Plastic: If your muddler is made from plastic, you won't need to worry about it absorbing smells or flavors from one dinner party to the next, and depending on the model, it can have enough weight to do the job right. It'll also be safe in the dishwasher. Plastic, though, might not look stylish next to a metal barware set, and it's not the best choice for the environment.

Maintenance

For optimal cleaning of stainless steel, clean in warm soapy water, then polish using a microfiber polishing cloth for longevity. Plastic muddlers might be able to go in the dishwasher, but we recommend putting them on the top rack to be safe.

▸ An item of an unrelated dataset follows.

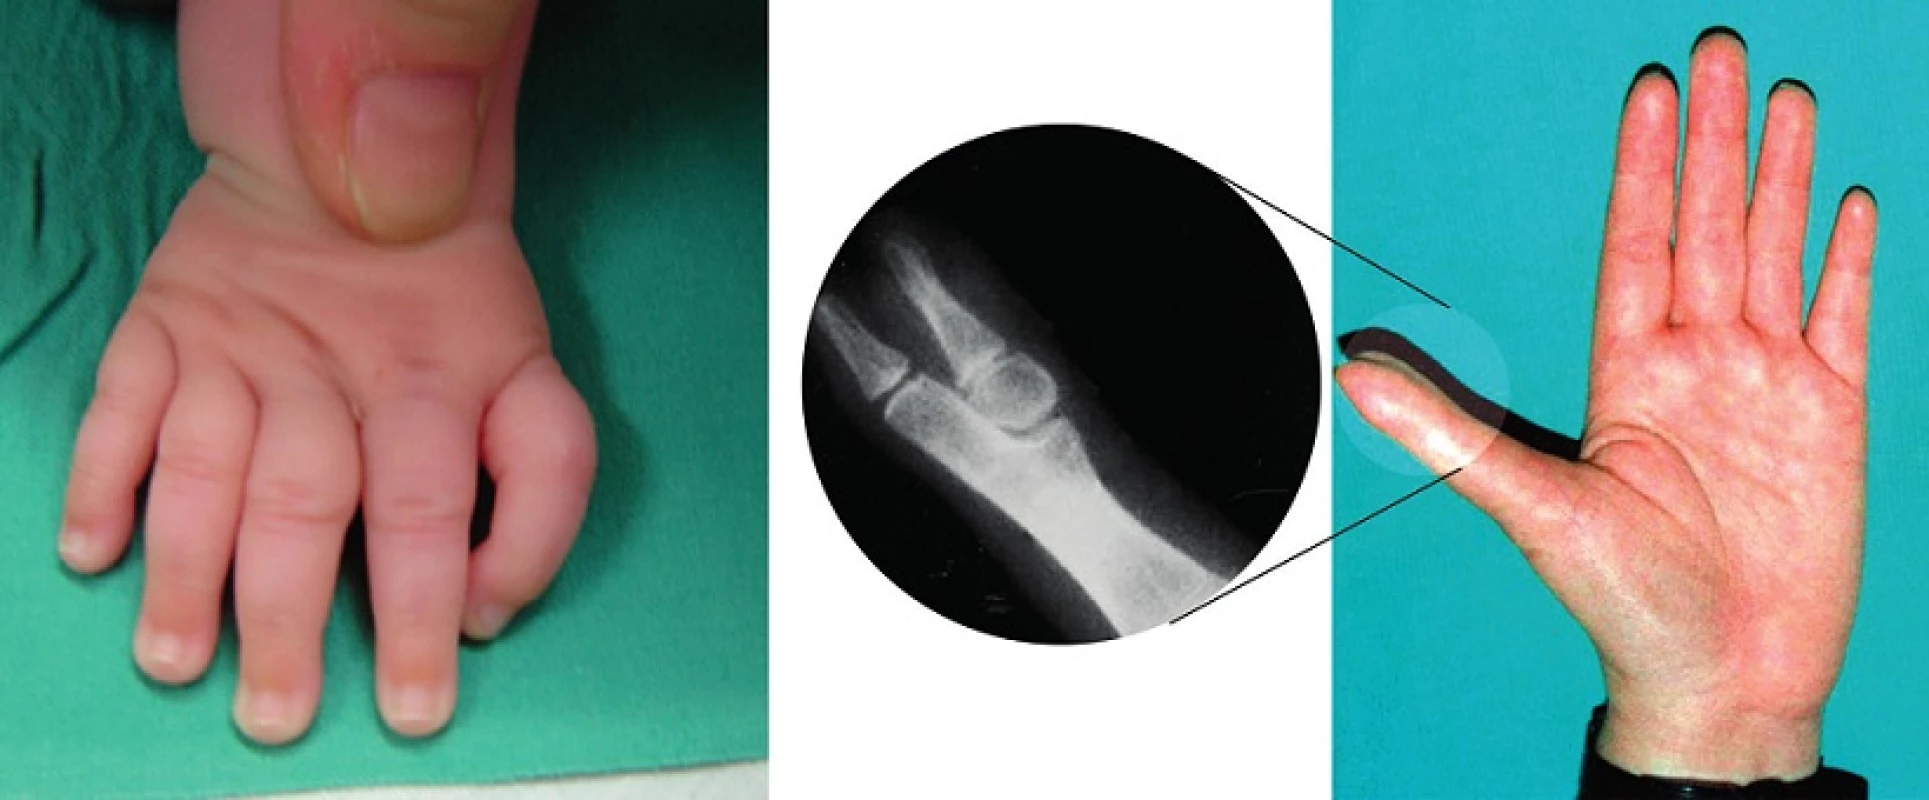 Anomálie typické pro pacienty s Fanconiho anémií a Diamondovou-Blackfanovou anémií: trifalangeální palec, hypoplazie thenarového svalstva.

Any wooden bar tools should never be placed in the dishwasher, so prepare to wash them by hand using warm water and mild dish soap. Hand or air dry as well to increase longevity. If necessary, muddlers can be lightly oiled using mineral or olive oil. 

FAQs

What drinks are a muddler needed for?

As mentioned above, one of the most popular drinks that needs a muddler for proper preparation is the mojito, which utilizes muddled mint for a refreshing sip. Mint juleps, the cocktail of the Kentucky Derby, are another popular pick where you'll muddle mint. Old Fashioneds use muddlers for the bitters and sugar cube, while Sazeracs need them for the lime component. Caipirinha, the national cocktail of Brazil, also requires its lime and sugar to be muddled. 

How do you use a muddler?

At home, cocktail enthusiasts should grip the muddler tightly using their whole hand. Then gently press and twist a few times before moving onto the next bunch of leaves or fruit, thus avoiding bruising these items. The thinner end of the muddler can also be used as a stir stick, but the wider end gets the most use. 

Why Trust Simply Recipes?

Katy Spratte Joyce has been a prolific home cook, wine enthusiast, and un-fussy foodie for over a decade, and now she’s writing about it. She has somehow accumulated four muddlers, a fate she wishes on no one.